Kilka dni temu odebrałem telefon z zapytaniem, czy znam produkt Amiti Antivirus słowackiej firmy NETGATE Technologies trudniącej się dostarczaniem płatnych usług bezpieczeństwa dla swoich klientów. Odpowiedziałem, że nie, i że przyjrzę się temu programowi bliżej. Nie marnując czasu uruchomiłem przeglądarkę w poszukiwaniu informacji.
Pierwszą stroną jaka wpadła mi „pod rękę” był portal dobre programy. Zapoznałem się z komentarzami, które w większości nie pozostawiały suchej nitki na sofcie, a te, które były pozytywne, pozostawiam bez komentarza. Dlaczego?
Chcąc dowiedzieć się czegoś konkretnego o Amiti Antivirus postanowiłem przeszukać zasoby na stronie producenta. Niestety, jedyna wzmianka o programie znajduje się tutaj. Brak jakiejkolwiek dokumentacji, plików pomocy, wykorzystywanych technologii do ochrony… Program za to znajduje się do pobrania na platformie sourceforg -, każdy kto chciałby dalej go rozwijac, może pobrać kod źródłowy.
Ochrona
Amiti Antivirus opiera swoją ochronę na silniku antywirusowym ClamAV 0.98.0.0, który w tym przypadku przeznaczony jest pod Windows. Warto dodać, że ClamAV jest polskim tworem zaprojektowanym przez Tomasza Kojma, absolwenta Uniwersytetu Mikołaja Kopernika w Toruniu i jest używany przez takich gigantów jak:
- Google (skanowanie plików we wszystkich usługach – GMail, Drive, itp.),
- Facebook (skanowanie wszystkich obiektów uploadowanych do serwisu),
- Apple (tu ciekawostka: każdy OS X ma konto 'clamav’ w /etc/passwd),
- Cisco (obecny właściciel praw licencyjnych do ClamAV – używa go zarówno w sporej gammie rozwiązań hardwarowych, jak i software’owych, np. Cisco Security Agent).

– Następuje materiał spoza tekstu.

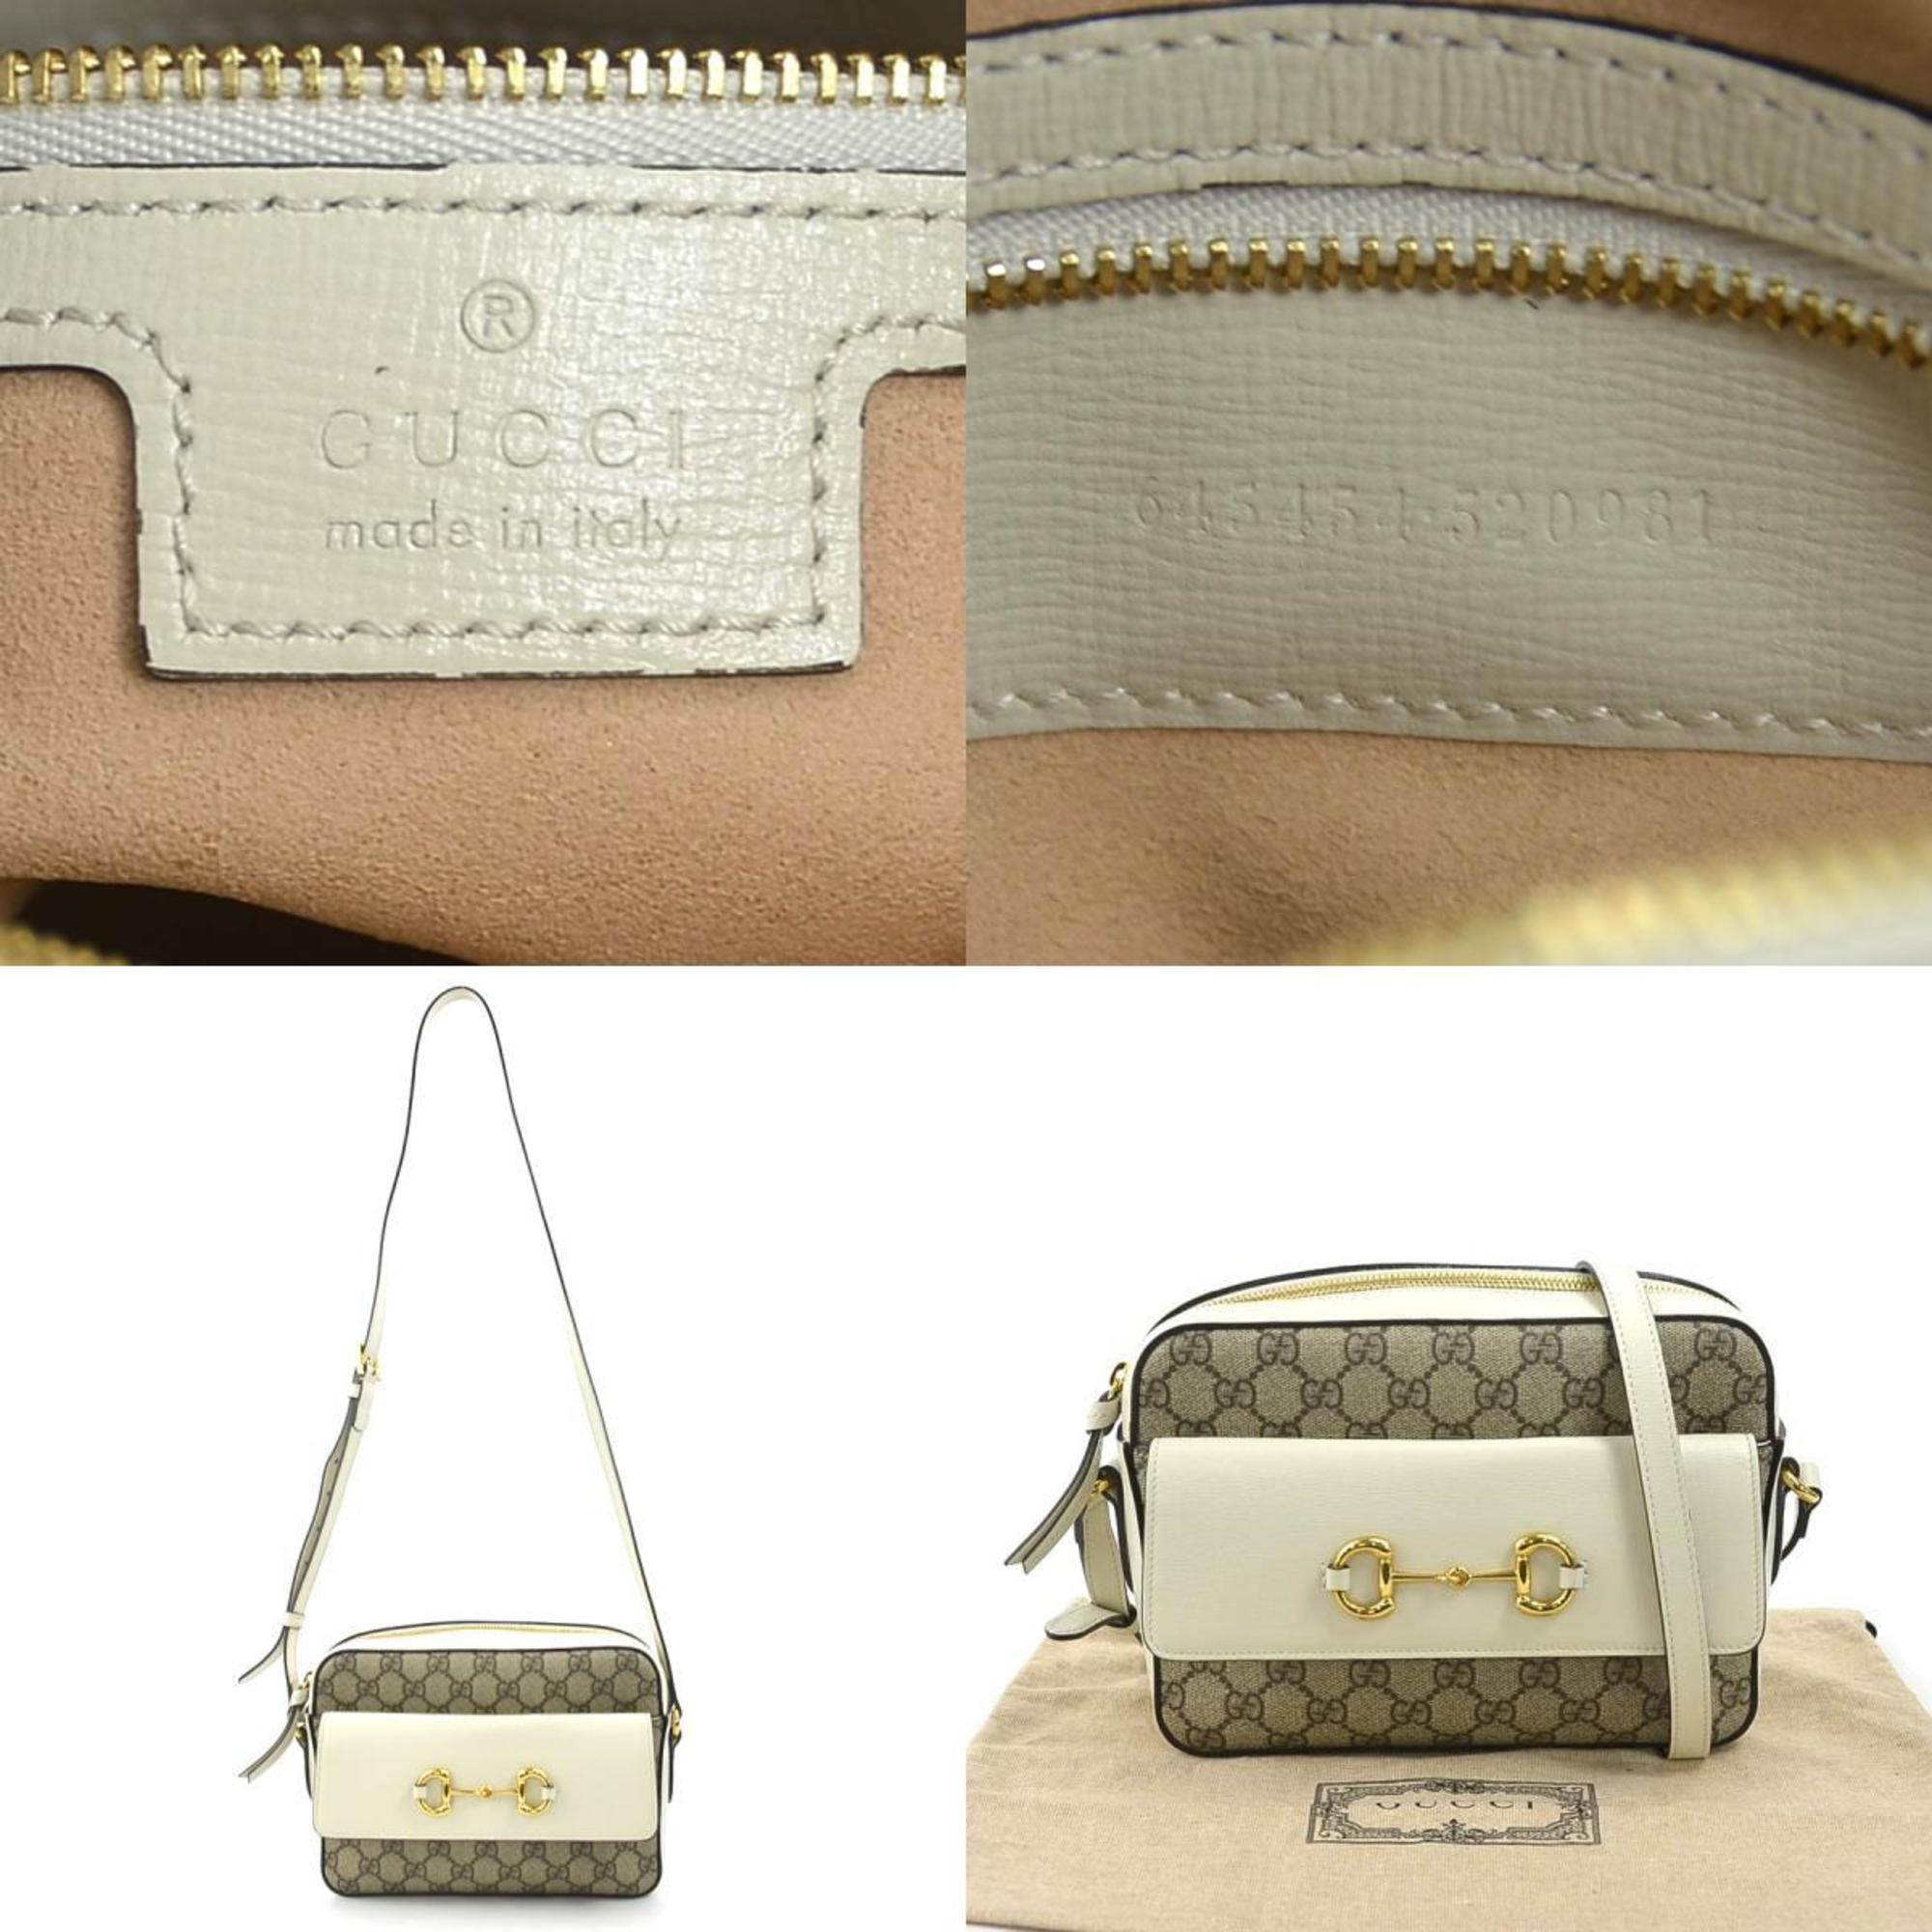 GUCCI Crossbody Shoulder Bag GG Supreme PVC/Leather Beige/White Gold Women's 645454
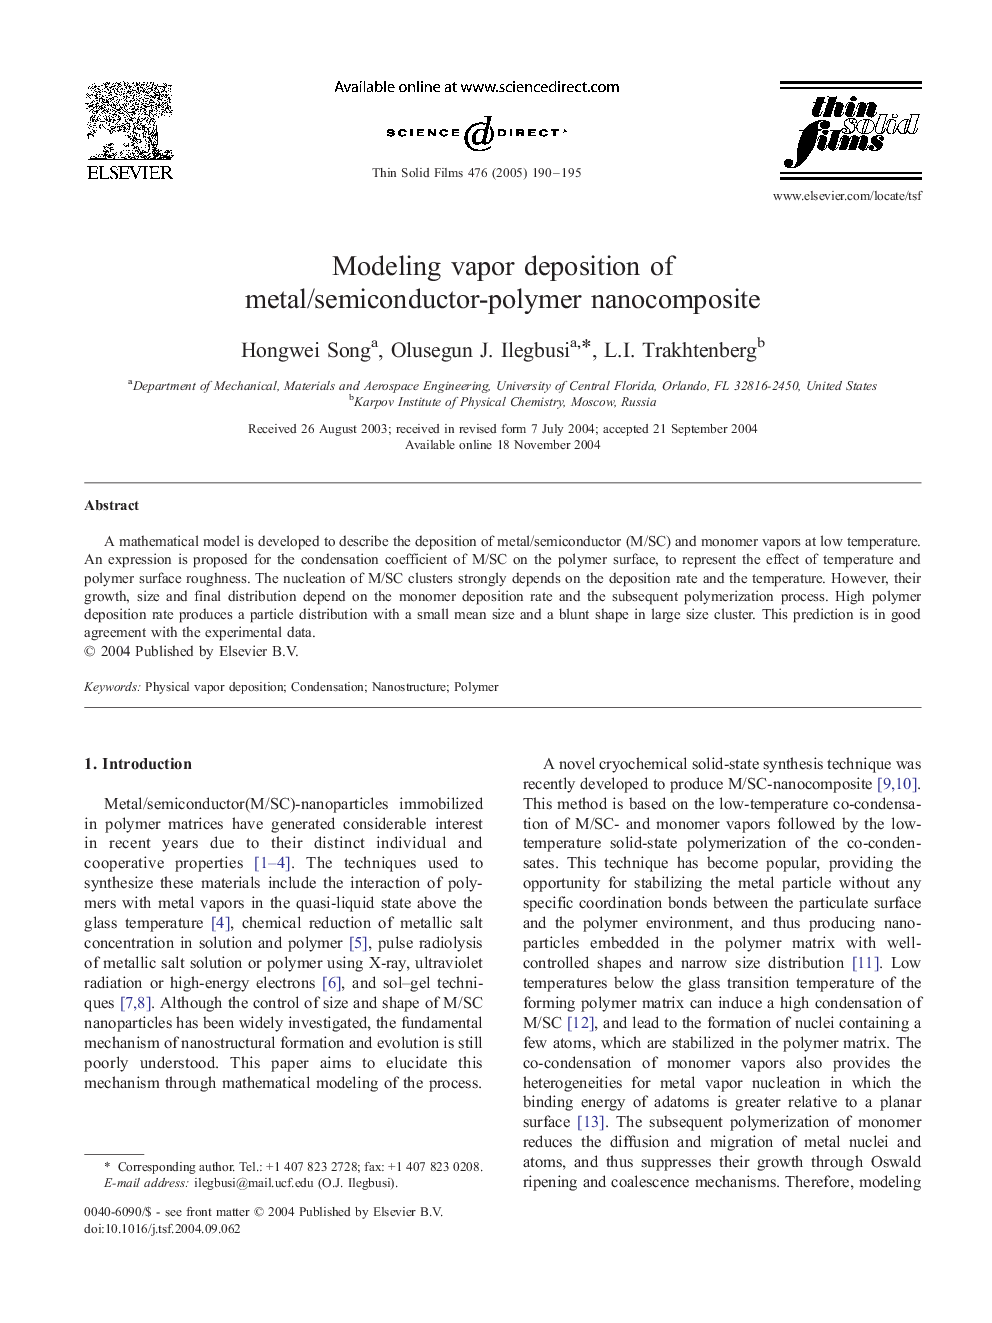 Modeling vapor deposition of metal/semiconductor-polymer nanocomposite

Wykorzystują go także państwa, które nie mogą pozwolić sobie na stosowanie „zamkniętych” rozwiązań (ze względu np. na ryzyko backdoorów). Po ataku Stuxneta, Iran na szeroką skalę wdrożył ochronę opartą na ClamAV, gdzie dodatkowo stosuje własne sygnatury; Cała rozmowa z Tomkiem Kojmem
Amiti Antivirus jest niezwykle ubogi w opcje z pomocą których użytkownik mógłby spersonalizować program „dla siebie”. W głównym oknie po lewej stronie znajdziemy wiele zakładek, które nie zawierają żadnych funkcjonalności wpływających na poziom ochrony: skanowanie, kwarantanna, ubogie ustawienia skanera i inne zakładki, które nawet nie warto wymieniać.
Jeśli chodzi o ochronę, Amiti opiera się wyłącznie na silniku ClamAV (jego skuteczność w Windowsie jest dużo niższa niż w web usługach), program nie chroni użytkownika podczas surfowania po sieci, nie ma firewalla, antyspamu, itd.
Testy
Uznałem, że nie ma sensu dużo rozpisywać się przy tym programie, wyniki powinny powiedzieć o nim wszystko:
1. Pierwszy test był tradycyjny – skanowanie z prawokliku próbek, których ilość wynosiła 529 i obejmowały: robaki, trojany, backdoory, ransomware, exploity, rootkity. Wszystkie probki pochodziły z ostatnich dwóch dni, a więc bardzo „świeże”.
Program po wykryciu wirusów zachowywał się niestabilnie, dwukrotnie kończył swoje działanie, co skutkowało powtórzeniem testu.
Wynik: usuniętych 262 próbek /529, co daje ~49,5% wykrywalności.
2. Drugi test sprawdził ochronę Amiti w czasie rzeczywistym. Wybrałem 40 linków prowadzących do zainfekowanych plików wykonywalnych. W pierwszej fazie ochrony na poziomie HTTP Amiti nie zablokował żadnego z nich (co jest oczywiste w przypadku braku ochrony www). W drugiej fazie ochrony, po zapisaniu wirusa na dysk, Amiti zatrzymał 2 próbki na 40, w trzeciej fazie ochrony (uruchamianie zainfekowanych plików) Amiti nie zablokował już żadnej z pozostałych 38 próbek.
Wynik: 2/40 = 5% skuteczności ochrony w czasie rzeczywistym
Antywirus ten znalazł się na liście „dobrych programów”, jednak nie wiem dlaczego. Nasze podsumowanie może być tylko jedno:
Użytkowniku, jeśli zainstalowałeś Amiti i sądzisz, że będzie chronił Twój komputer przed współczesnym spektrum zagrożeń – chyba nigdy bardziej się nie pomyliłeś. Amiti Antivirus należy traktować tylko jako ciekawostkę, niż dobry program do ochrony.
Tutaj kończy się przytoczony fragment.